I’ve been browsing people’s dotfiles recently and found some very cool Vim plugins which I’ve never seen before. So I thought I need to spread the word.

Buftabline — buffer list that lives in the tabline


You might have heard that Vim users would rather use buffers instead of tabs, which is a more native way to work with files in Vim. To me, it was always a bit hard though, as I usually want to see the files open in my tab-line and switch between them. Buftabline fixes that.

BTW, I use Ctrl + J/K to switch between buffers. When you see the open buffers in a tab-line it’s really convenient. 

Signify — uses the sign column to show file changes 


Signify uses the sign column on the left to displays added, modified or removed lines.
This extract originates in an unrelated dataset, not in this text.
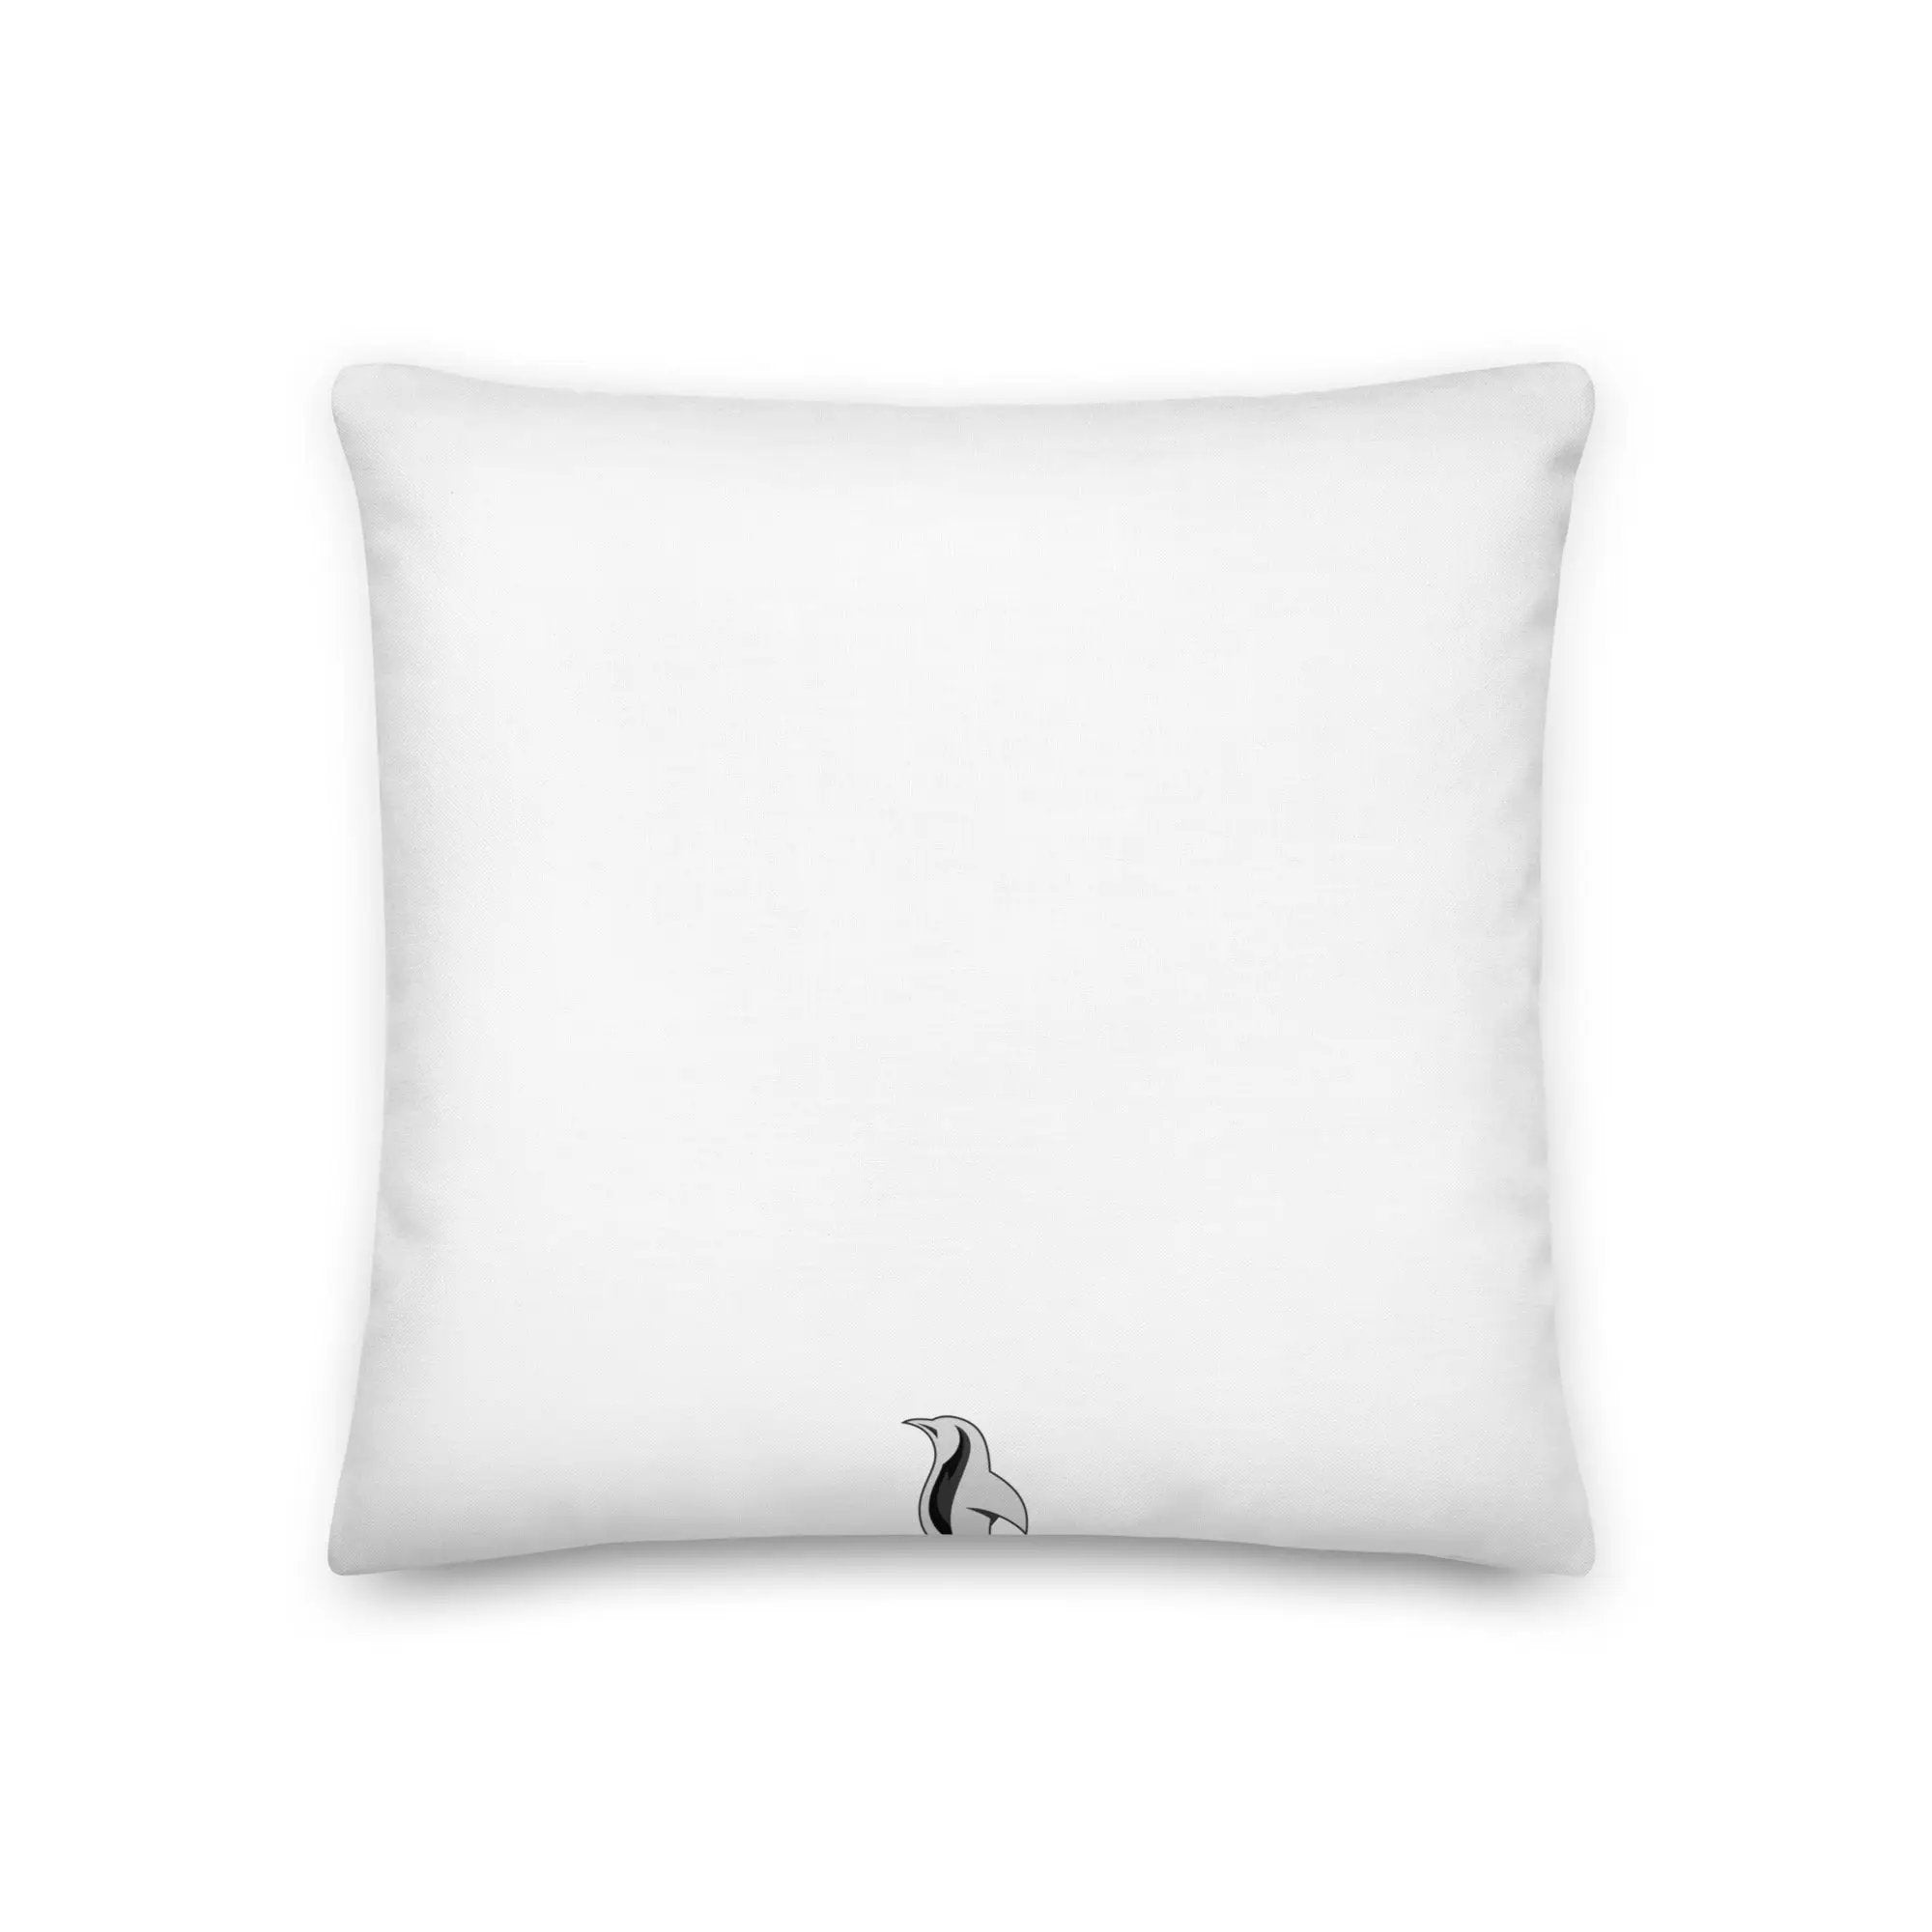 Cringer Premium Pillow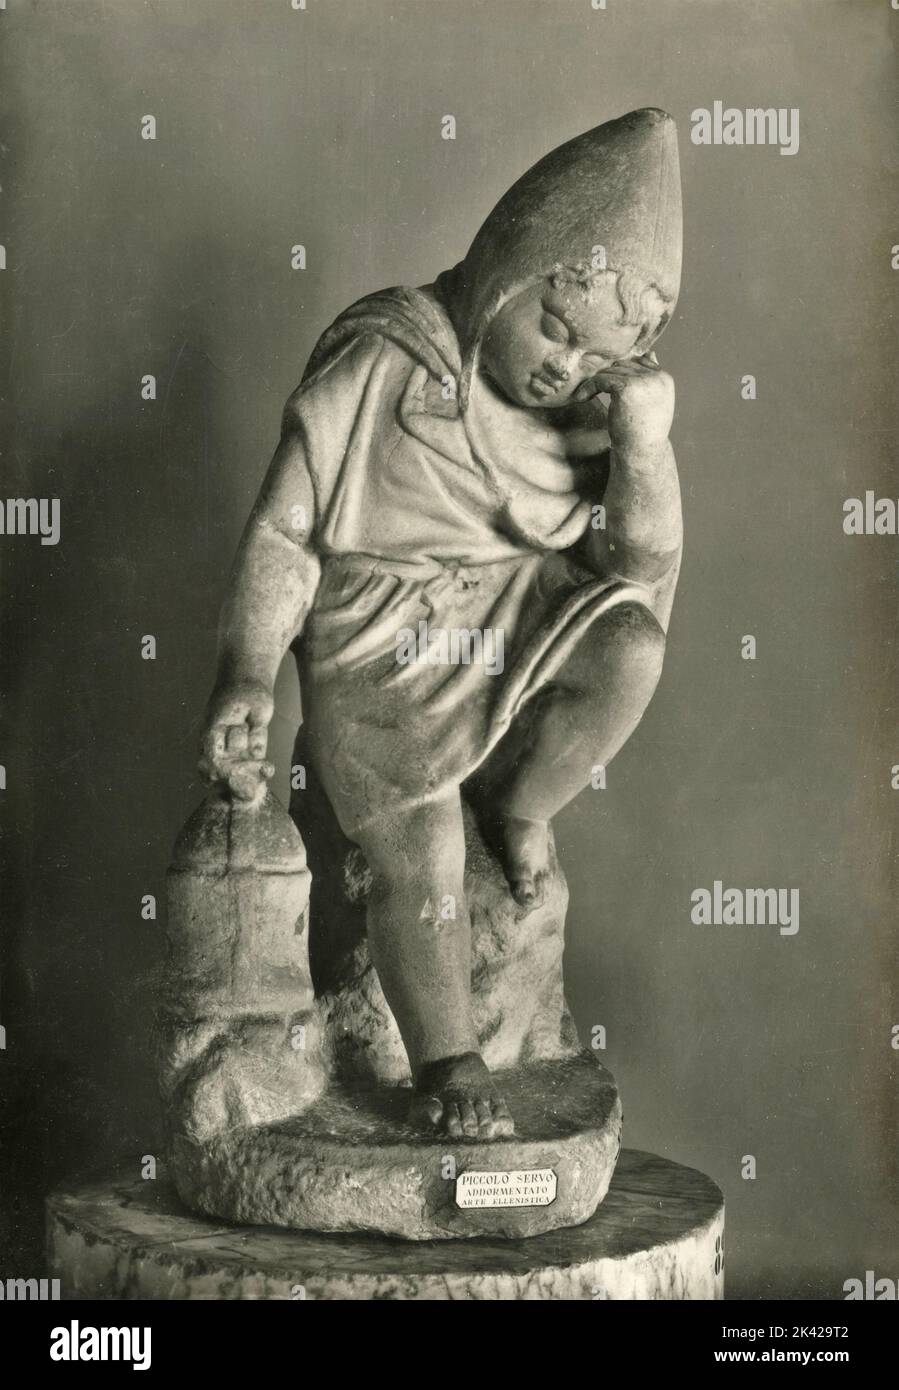 Antica statua romana: Piccolo servo con lanterna si addormentò mentre aspettava, Museo Romano, Roma, Italia 1930s Foto Stock

The closest relative is the Vim-Gitgutter, but I like this one better as it shows how many lines have been changed.

Startify — a fancy start screen

Startify is made by the same author (Marco Hinz from Potsdam). It replaces your start screen with a bit more interesting screen with a citation, recently used files, bookmarks, and sessions. Honestly, after using it for some time I don’t find it particularly handy, but I guess it’s better than nothing.

And while we are here I also want to mention a F.A.Q. repo on Vim by the same author, it is really good.

GV – A Git Commit Browser


GV.vim is a nice little plugin by Junegunn Choi who you probably know as an author of FZF and Vim-plug. With this plugin, you can type :GV command to see the history of commits in the current repository. Then you can open any commit and see what’s been changed in a split view. 

Splitjoin – Toggle between single-line and multi-line expressions


Splitjoin allows you to easily split between single-line expressions and multi-line. This I think is especially important in ruby, but this plugin supports many other languages including HTML, JavaScript, Python and others.